### Given material
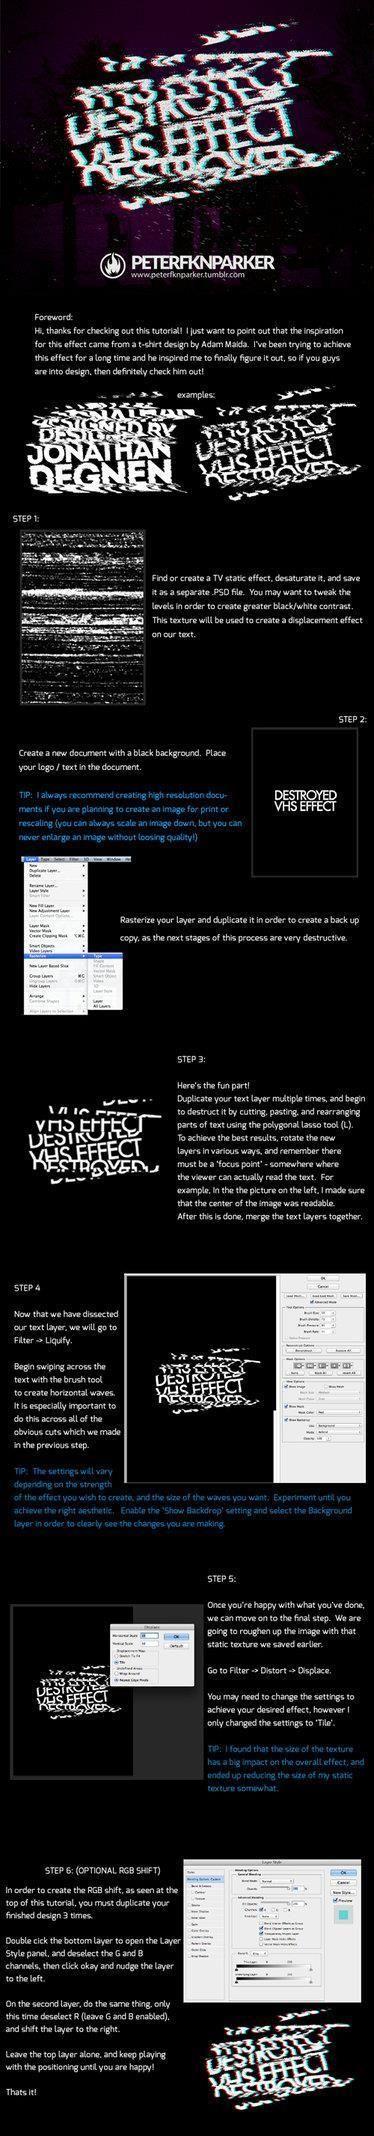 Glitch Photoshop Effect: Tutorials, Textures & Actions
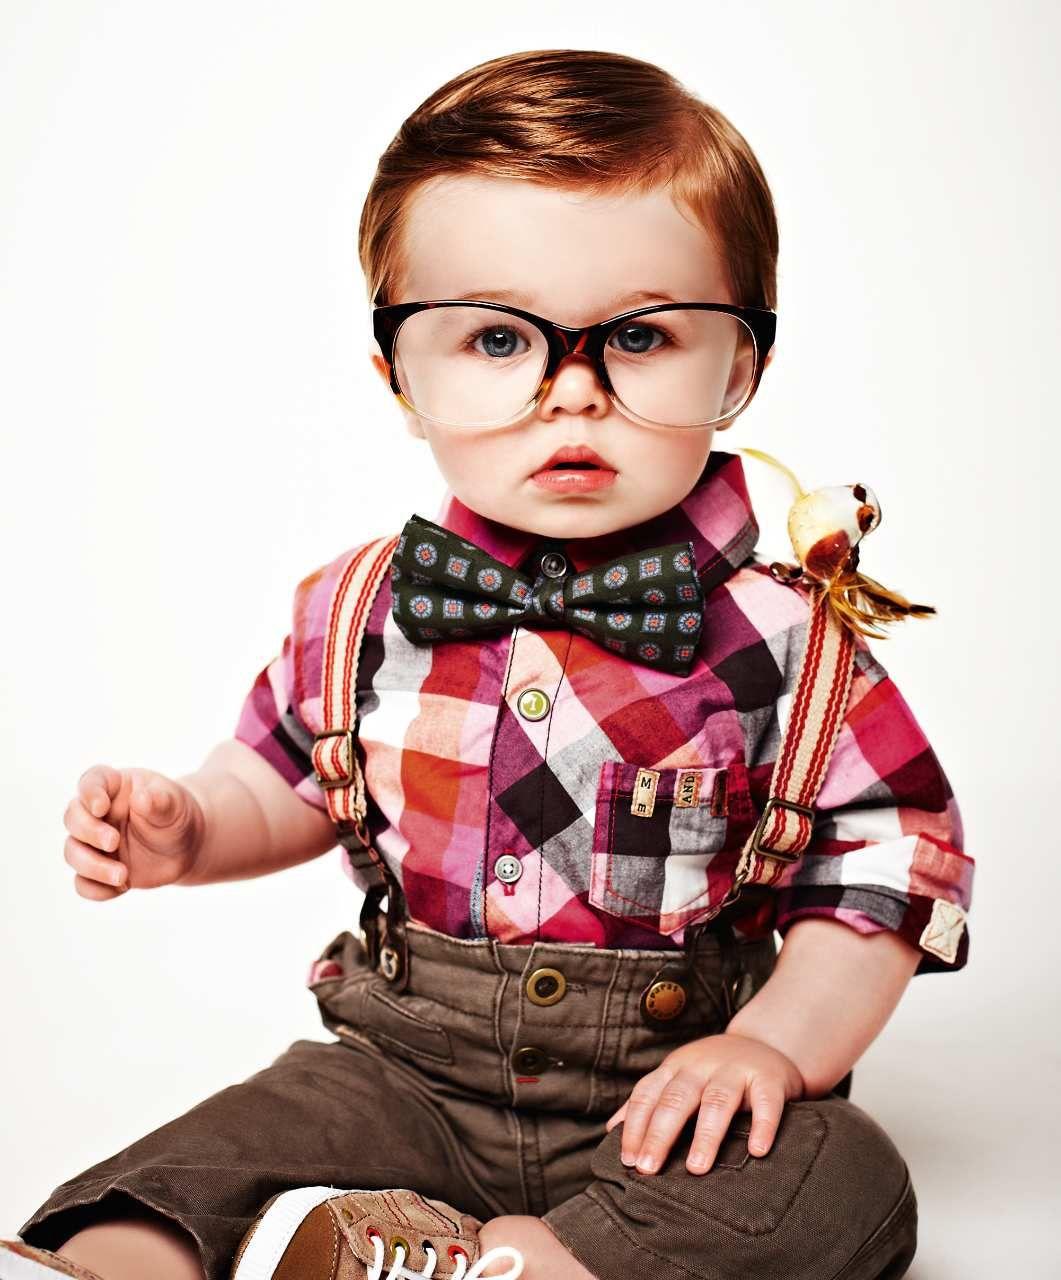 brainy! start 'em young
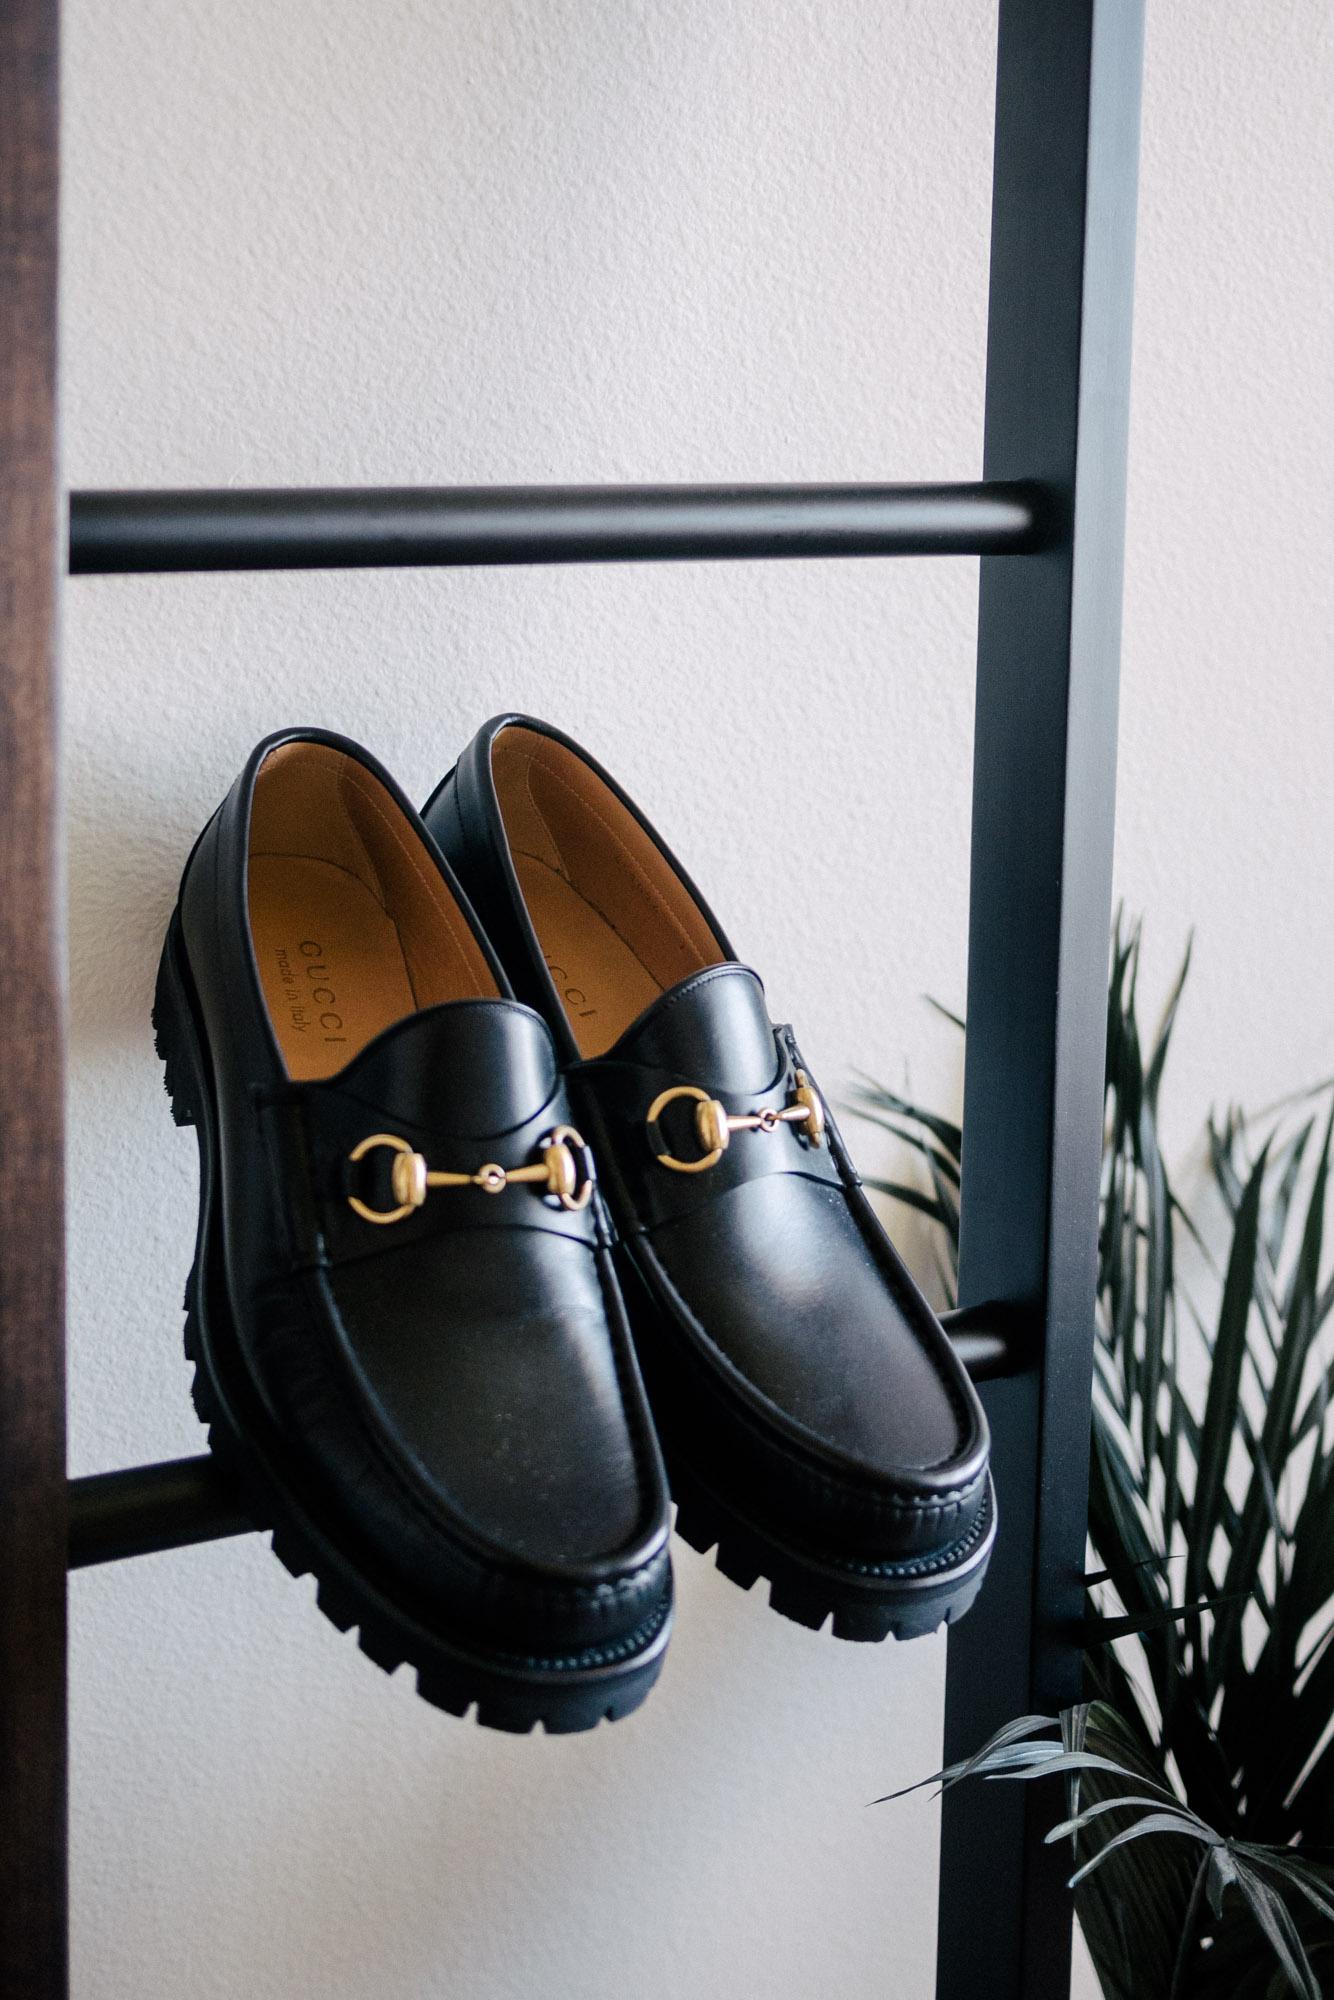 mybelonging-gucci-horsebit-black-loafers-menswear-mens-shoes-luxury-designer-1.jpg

### Work order
Omitting all images, print the listing exactly.

### Response area
 Glitch Photoshop Effect: Tutorials, Textures & Actions
 brainy! start 'em young
 mybelonging-gucci-horsebit-black-loafers-menswear-mens-shoes-luxury-designer-1.jpg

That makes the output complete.